Even if this group-specific lFDR calculation improved the accuracy of non-canonical PSMs, the fairly low percentage of predicted binders indicated that there was still a larger error in this group. In order to discard more of this residual error, we combined the Comet and Andromeda search results and only the intersection, i.e., PSMs with identical Comet and Andromeda matches (same peptide sequence with the same identification) were retained.
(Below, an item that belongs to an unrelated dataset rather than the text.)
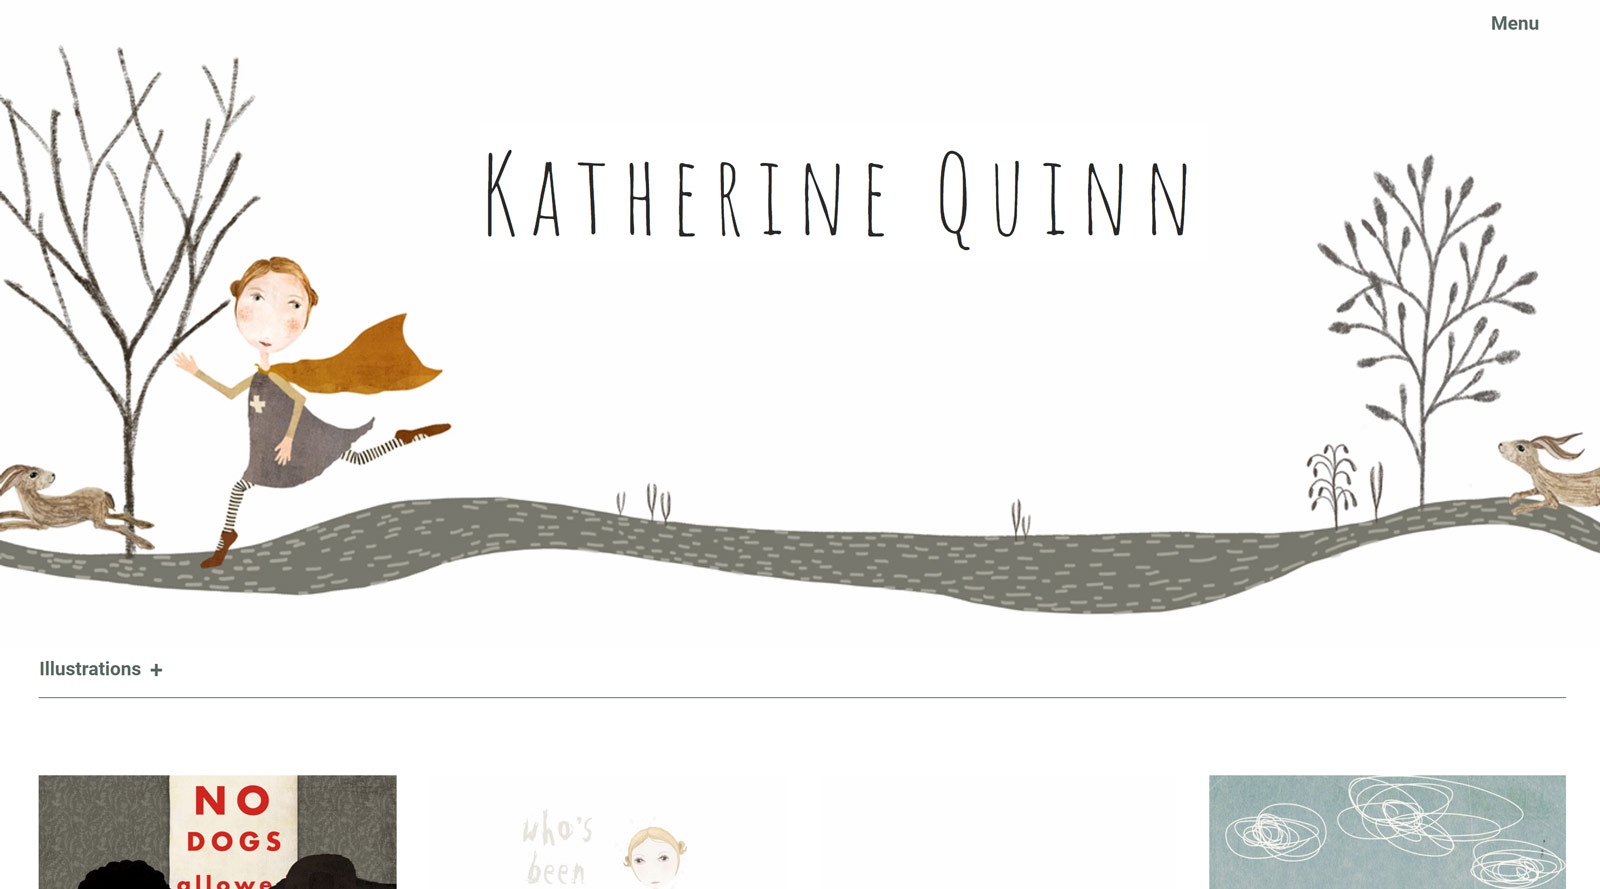 Katherine Quinn

As shown in Supplementary Fig. 1e–g, this additional filter further reduced the number of non-canonical PSMs, but significantly increased the percentage of predicted binders to 97.3% and decreased the standard error of hydrophobicity index. Without the post-processing of Comet results performed in NewAnce, this improvement would not be possible. When only considering the XCorr score and without group-specific lFDR calculation, combining Comet and MaxQuant would yield more peptides, but with significantly lower percentage of predicted binders (87.3%) and almost double the standard error of HI (1D, one group in green color compared with NewAnce 3% FDR in gray color in Supplementary Fig. 1e–g). Using a FDR threshold of 1% instead of 3% for MaxQuant and Comet in NewAnce would only reduce the number of peptides but not increase the percentage of predicted binders, or decrease the standard error of HI, thus justifying our choice of utilizing a 3% FDR threshold (NewAnce 3% FDR in gray color compared with NewAnce 1% FDR in beige color in Supplementary Fig. 1e–g).

In order to assign peptides into source protein groups, we implemented a greedy bipartite graph protein grouping algorithm84. The total and unique peptide counts were calculated for each protein. To calculate the adjusted peptide counts we sorted the proteins in each group by decreasing number of peptides and for each protein removed the peptides of all proteins higher up in the list.

In order to test the robustness of our approach, the 2597 PSMs of identified noncHLAp were re-searched against the human reference proteome UniProt database concatenated with the list of non-canonical peptide sequences, including six common modifications. The variable modifications included were 15.9949 Da for oxidation on M, 42.010565 Da for acetylation on the N-terminus, 79.966331 Da for phosphorylation on STY, 119.004099 Da for cysteinylation, 0.98402 Da for deamidation NQ and 57.021464 Da for carbamidomethyl on C. Comet was employed (same parameters as above, but no FDR) to investigate whether PSMs would better fit another possible proteome-derived (modified) sequence based on XCorr. The results are reported in Supplementary Data 4 and 5.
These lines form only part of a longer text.